Asian countries have had a history of perpetuating colorism, in which the preference for lighter skin is imbued in cultural and social mores. Cosmetic companies have been criticized for selling skin-lightening creams. In Pakistan, the TV series “Parizaad,” about the struggles of a dark-skinned laborer, the lead actor appeared to have darkened his face to play the role, drawing criticism from some social media users. But the show was a big hit when it debuted last year.
“Brownface is always wrong because it constructs a racist stereotype. The underlying racist premise of brownface is that the essence of a person is embedded in their physical features, not in their character or actions,” said Jason Petrulis, an assistant professor of global history at the Education University of Hong Kong who studies race and politics in U.S.-Asia relations.
“An actor who performs in brownface is suggesting that she can portray the inner character of a Filipina domestic worker by embodying her, by mimicking her skin color or speech patterns or hair texture,” he added.
About 203,000 Filipinos live in Hong Kong, forming the largest non-Chinese ethnic group in the city, according to a 2021 census. About 190,000 are domestic workers. In the past two years, as Hong Kong has doubled down on Covid restrictions, the domestic workers have been singled out for mass testing and have been slapped with fines for violating social distancing rules that often exceed their entire monthly salary.

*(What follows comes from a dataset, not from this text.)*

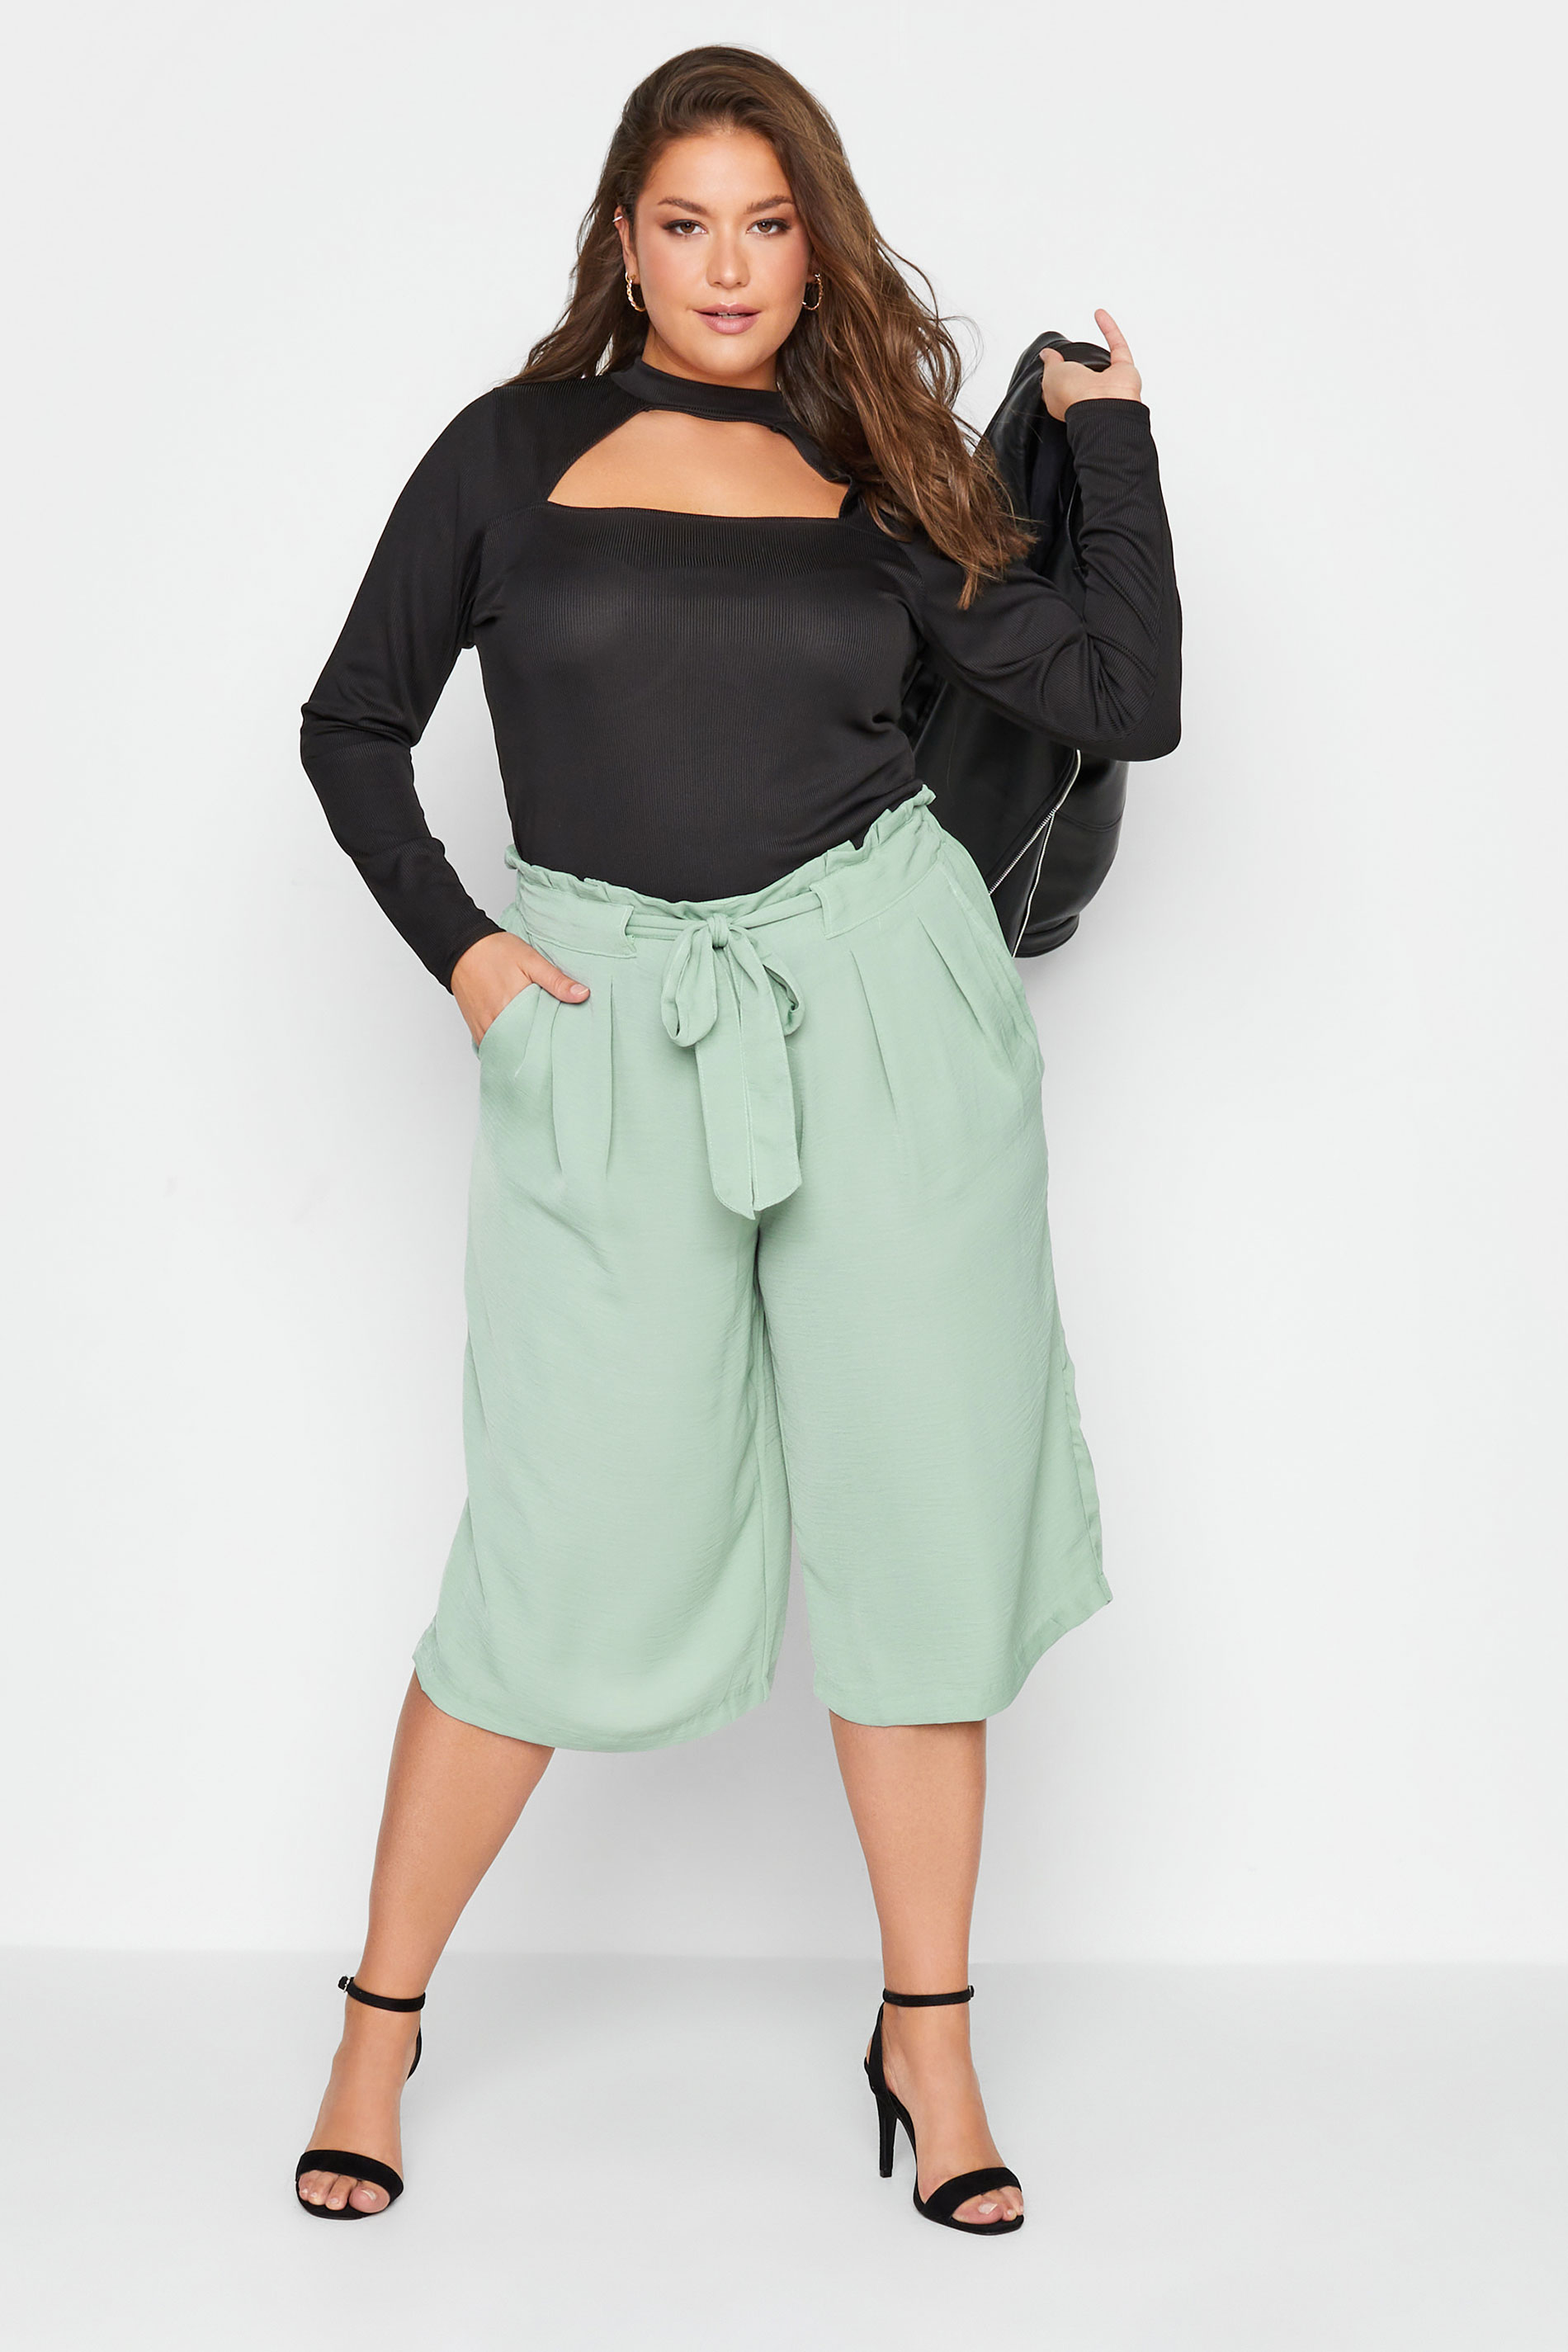 Plus Size Green Paperbag Twill Culottes With High Heel by yoursclothing.com
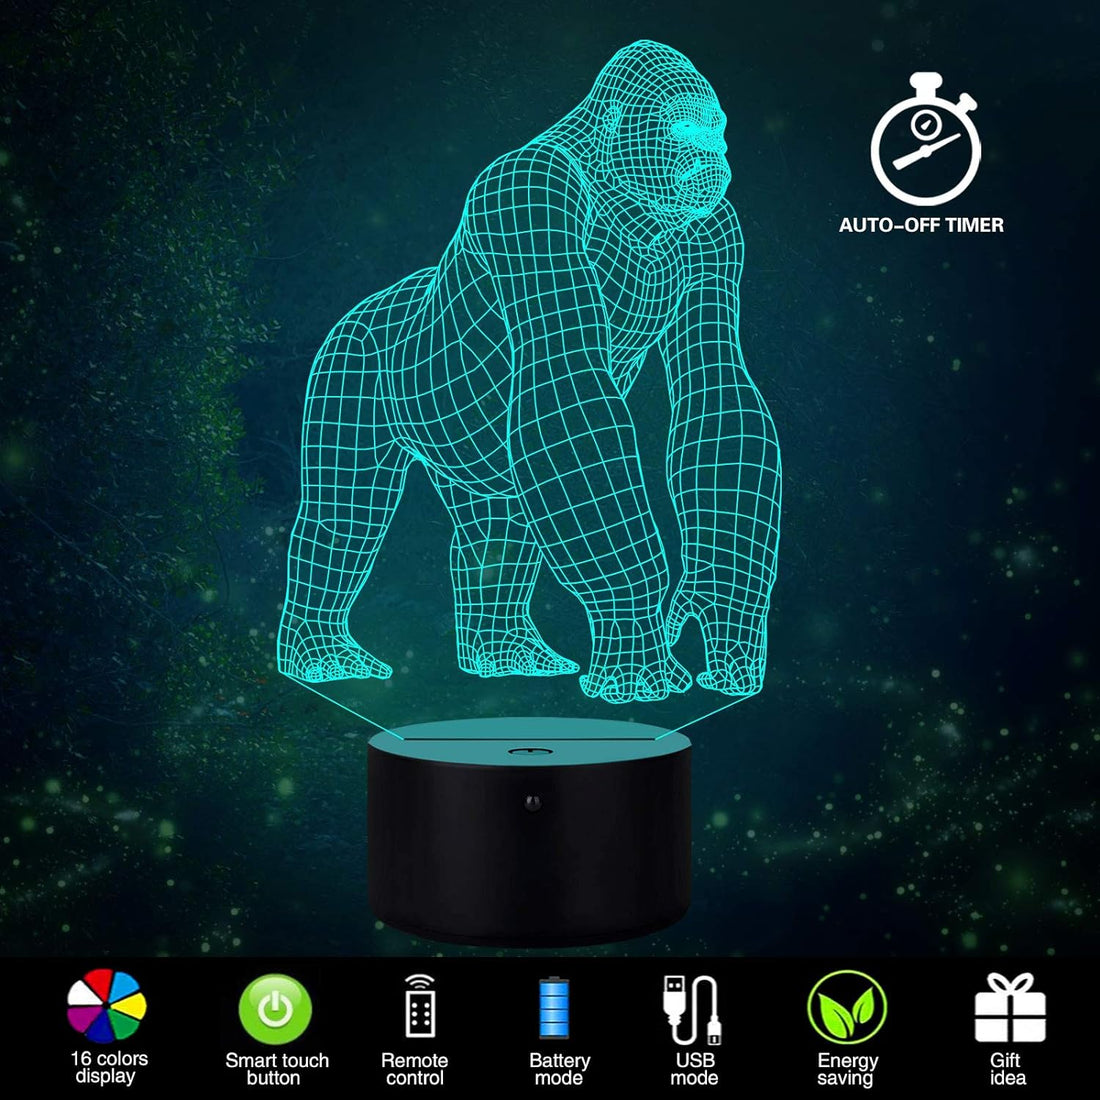 3D Gorilla Lamp Mood Lamp 16 Color Nursery Night Lights Illusion Acrylic LED Table Bedside Lamp, Children Bedroom Desk Decor, Birthday Christmas Gift Cute Toy for Kids Adult

For Filipinos who find work as actors in the city, the roles are often limited to clumsy maids, gangsters or bit players in ads for cleaning products.
“I’ve always felt that our ethnicity and skin color is used as props to add creative value on set,” said Ray Yumul, a 29-year-old Filipino actor and headhunter. “It’s something that needs to stop and change.”
Mr. Yumul said he once responded to calls seeking a Filipino actor in a commercial, only to learn that he would be playing a germ.
Ricky Chu, who leads Hong Kong’s anti-discrimination watchdog, the Equal Opportunities Commission, said brownface cannot be the sole measure in determining discriminatory behavior. The watchdog would also have to consider whether the makeup is “very exaggerated” with accompanying “speech and gestures,” he said in an interview.
As for whether Ms. Wong’s affected accent in the behind-the-scenes footage constitutes offensive behavior, he said a formal complaint would have to be filed before the commission could judge. (The commission, citing confidentiality, declined to say whether it had received complaints.)
Mr. Chu did say that as a viewer of the TVB show, he was more concerned by dialogue that used phrases like “all you domestic helpers” that reinforced “negative stereotypes.”
TVB, a 55-year-old broadcaster known for variety shows and serial dramas, has faced boycotts from pro-democracy protesters who accuse it of a pro-China bias. It has also drawn complaints for using racial epithets in a historical drama.
The latest controversy intensified after the two episodes in which Ms. Wong appeared in brownface. The broadcaster has since removed those episodes from its streaming site, saying it would review their content.
Ms. Wong, who did not respond to a request for comment, apologized on social media last week, saying that she had learned that trying to “analyze, interpret and act” was only part of the job.
Many of her supporters responded that she had nothing to be sorry for.